MALONE — Between 50 and 60 temporary workers will be hired to build the 48-mile natural-gas transmission line through Franklin County.
Construction is set to start in two to three weeks to bring service from an existing Enbridge-St. Lawrence Gas pipeline in the Town of Norfolk to the Village of Chateaugay.
The first of 77 tractor-trailer loads of sectioned pipe has begun arriving at North Country Dairy LLC in North Lawrence, which will be the first high-volume user brought online for the $41 million project, said Jim Ward, the company’s assistant-general manager.
Others will eventually include Brushton-Moira Central School, the area state prisons, other school districts, Alice Hyde Medical Center and Agri-Mark McCadam Cheese in Chateaugay.
As many as 50 truckloads of pipe will be stored in Malone and Chateaugay in anticipation of the two-phase installation project, which could be operational by early December, Ward said.
At the same time the work crews are digging 3-foot trenches to bury the pipe or boring holes to thread piping through at other sites, company personnel will go door-to-door along the construction route, seeking residential customers interested in switching to natural-gas service, he said.
“There are no laterals. We’ll be bringing service right up to the house,” Ward said. “During the first five years of our development contract with the Public Service Commission, we bring it right to the premises for no fee.”
Once service is brought to the house, the homeowner is responsible for any interior hookups to appliances and furnaces, he said.
Traffic is not expected to be much impacted by the work, since most construction will be
off the shoulder of the road along an abandoned railroad bed.
But in some tighter places, roads will be temporarily reduced to one lane by a flag person, he said.
While permission to cross some parcels was obtained through eminent domain, Ward said, negotiations are continuing with some property owners over access to their land.
“Hopefully, we can satisfy everybody, but there’s work to do there,” he said.
Progress was stalled in February when the company saw the price of the project skyrocket at the same time the price of natural gas bottomed out.
But through a revised operational permit recently approved by the Public Service Commission, St.
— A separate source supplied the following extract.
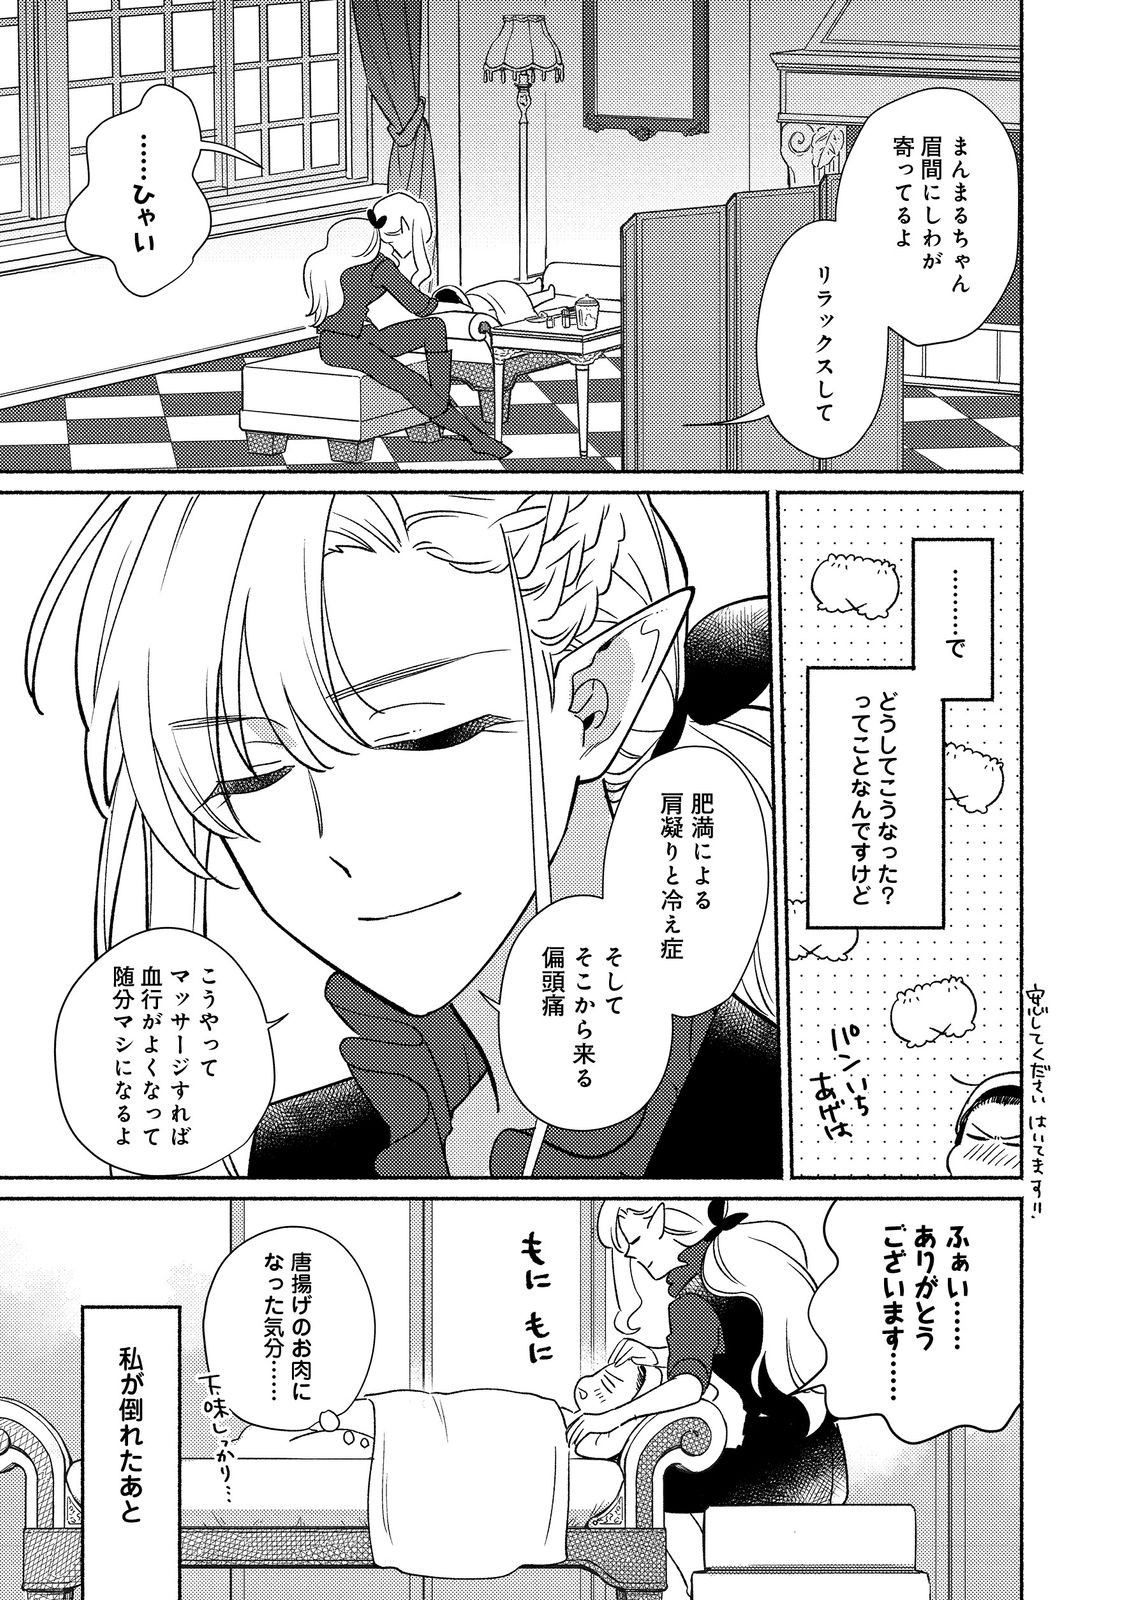 I’m the White Pig Nobleman 第20.1話 - Page 5

Lawrence Gas can now charge customers a special fee for seven years to finance the new construction.
Residential customers will pay 28 cents per therm, industrial customers 30 cents per therm and commercial customers 40 cents per therm under that permit. A therm is a measurement of natural-gas usage.
Discovery of huge natural-gas pockets in Pennsylvania drove construction costs up and forced the company to break the project into two phases, bringing the western-most customers and Malone online first and those in Chateaugay on later in 2013.
Franklin County expects to be billed soon for the remaining $1.425 million it pledged to the project and will also be chipping in another $25,754 in the form of a 1 percent match in order to receive $2.5 million promised by former Gov. David Paterson through Empire State Development.
County Manager Thomas Leitz said legislators will have to decide soon if they want to take out a short-term low-interest note for its share, bond out the cost over a longer period of time or work the costs into the 2013 budget they are beginning to formulate.
The rest of the money would come from St. Lawrence Gas, which pledged $17.2 million, with about $6.3 million of that financed through the County Industrial Development Agency and $2 million from the office of Sen. Betty Little (R-Queensbury).
St. Lawrence County was asked to contribute $600,000 to the cost since North Country Dairy is within its borders and plans to employ as many as 85 people at the yogurt plant.
But the legislators there have taken no action on the matter.